China's Livestream Dining Boom Sparks Privacy Concerns(Yicai) Jan. 15 -- To attract more customers, many Chinese restaurants have launched live streams on online platforms to showcase their dishes and dining environments, but the practice has triggered complaints from diners who say their privacy has been infringed.
The growing use of livestreaming reflects merchants’ efforts to draw traffic and boost visibility at low cost, but legal experts warn that filming customers without consent violates portrait and privacy rights. Under such circumstances, both restaurants and the platforms hosting the streams may be held responsible.
Lin Yue, chief consultant at Lingyan Management Consulting and an analyst specializing in the catering and food industry, told Yicai that merchants hope livestreams can authentically convey a restaurant’s dining atmosphere. As long as a livestream attracts enough viewers, it can serve as a form of advertising while sparing restaurants the cost of hiring extras or models.
While many restaurant livestreams focus on the back kitchen to highlight cleanliness and the on-site cooking process, others turn their cameras toward diners.
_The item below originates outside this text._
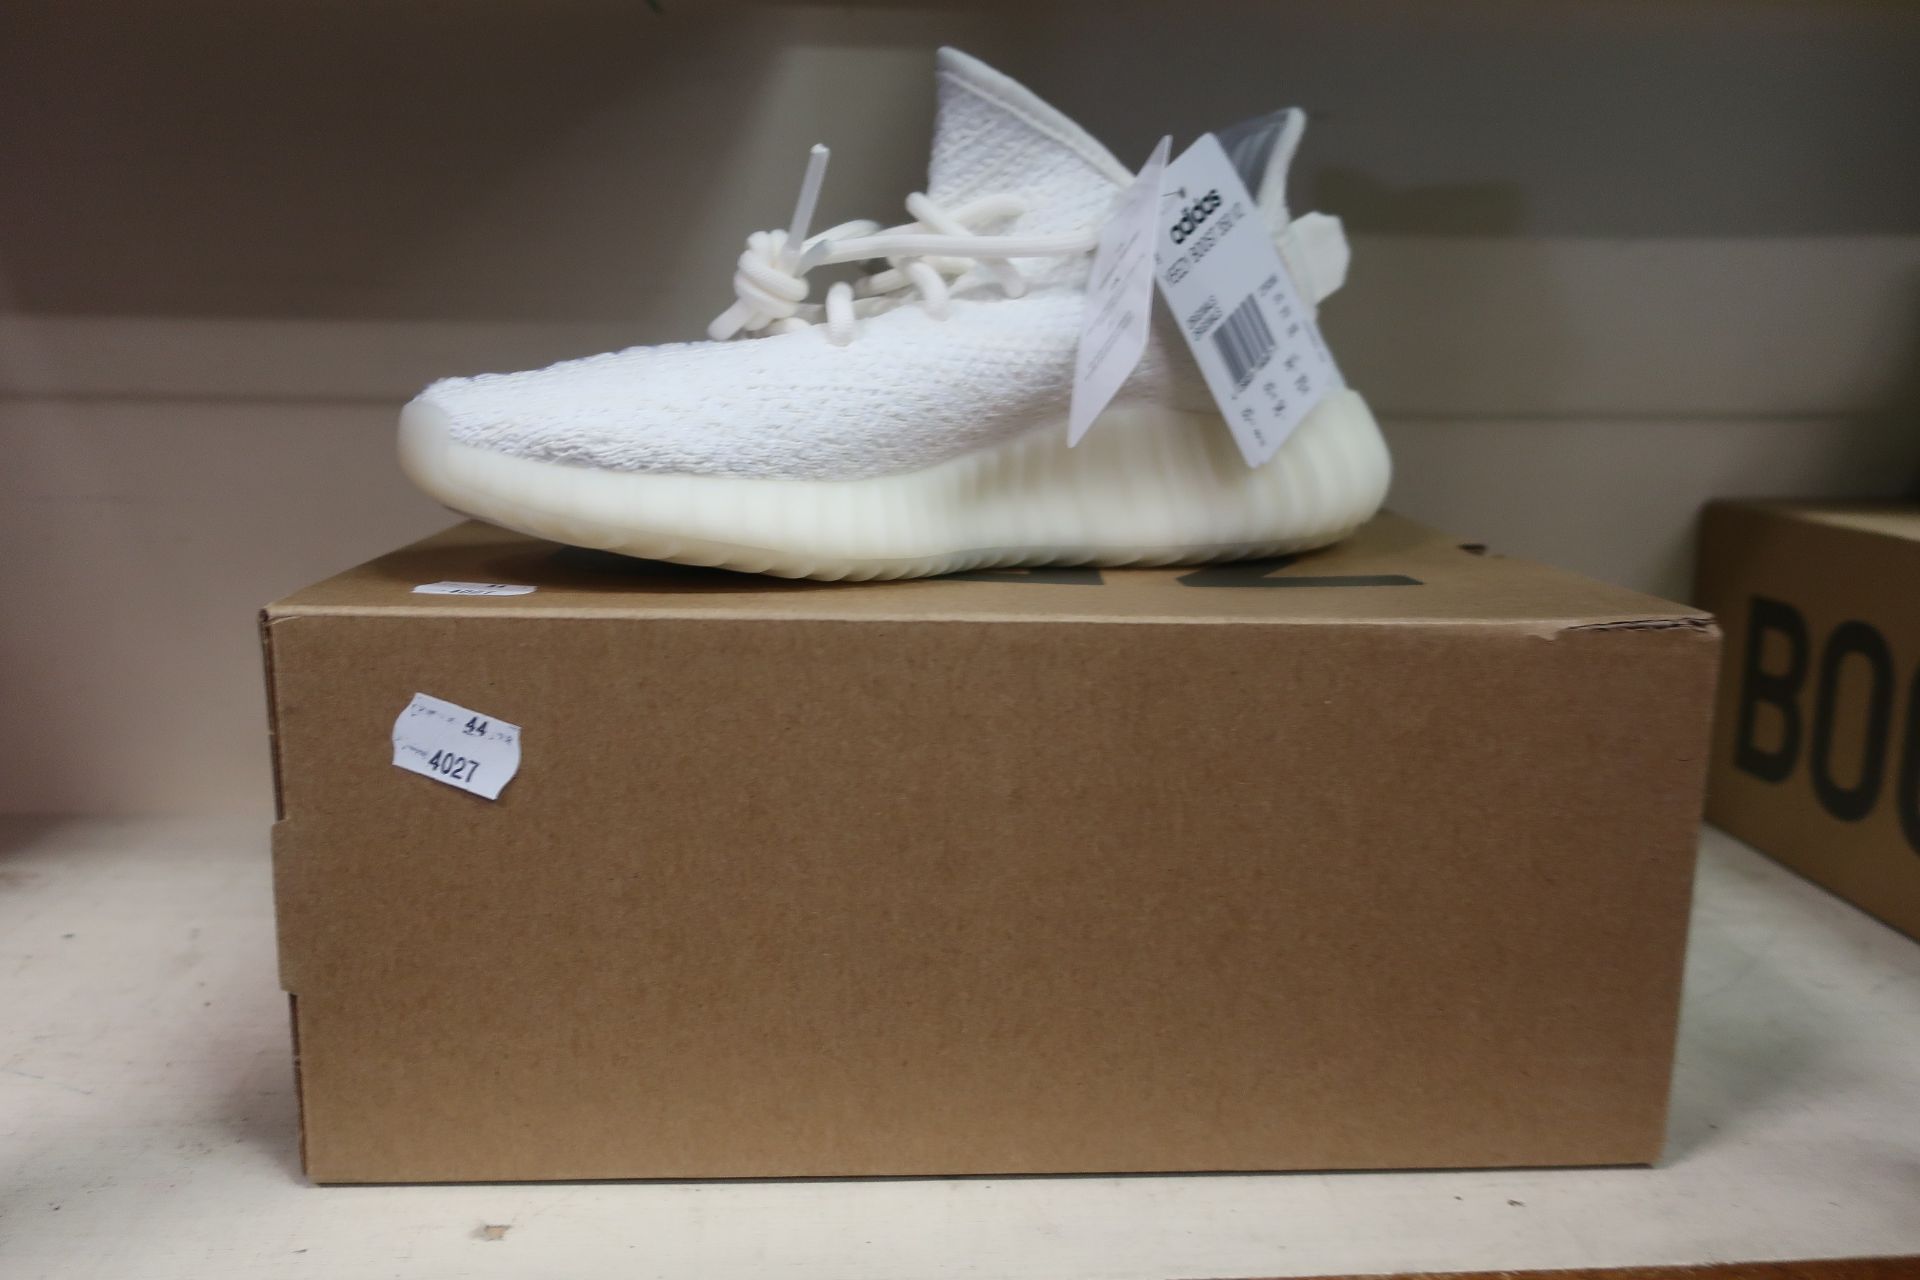 A pair of as new Adidas Yeezy Boost 350 V2 trainers in white (UK 5.5).

A Yicai search on a social media platform using the keyword “restaurant live stream” found numerous streams that openly film customers inside dining areas.
In these livestreams, waiters serving dishes, staff cleaning the premises, delivery riders coming in and out, and customers eating and chatting are all captured on camera. Most of the filmed diners are unaware that they have become subjects of the broadcast.
Some consumers complained to Yicai that after discovering they appeared in livestreams, certain restaurants would only temporarily shut down the broadcast if the issue did not trigger public backlash, resuming the stream once the complainants had left.
Zhao Zhanling, a partner at Javy Law Firm, told Yicai that pointing livestream cameras at customers without their knowledge infringes on their portrait and privacy rights.
Beyond restaurants themselves, social media platforms providing livestreaming services should not be exempt from liability, Zhao said, noting that platforms have clear supervisory and management responsibilities over livestream operators.
According to Zhao, China’s new rules for live-stream e-commerce, which will take effect on Feb. 1, require platforms to verify and register the identities of livestream operators and establish real-time inspection systems. Platforms must also strengthen monitoring of streams with large followings and significant influence.
Supervisory measures can include warnings, feature restrictions, livestream suspensions, account closures, and even blacklisting, Zhao said. Platforms should also set up convenient complaint and reporting channels and provide consumers with the necessary information and support to safeguard their rights in a timely manner.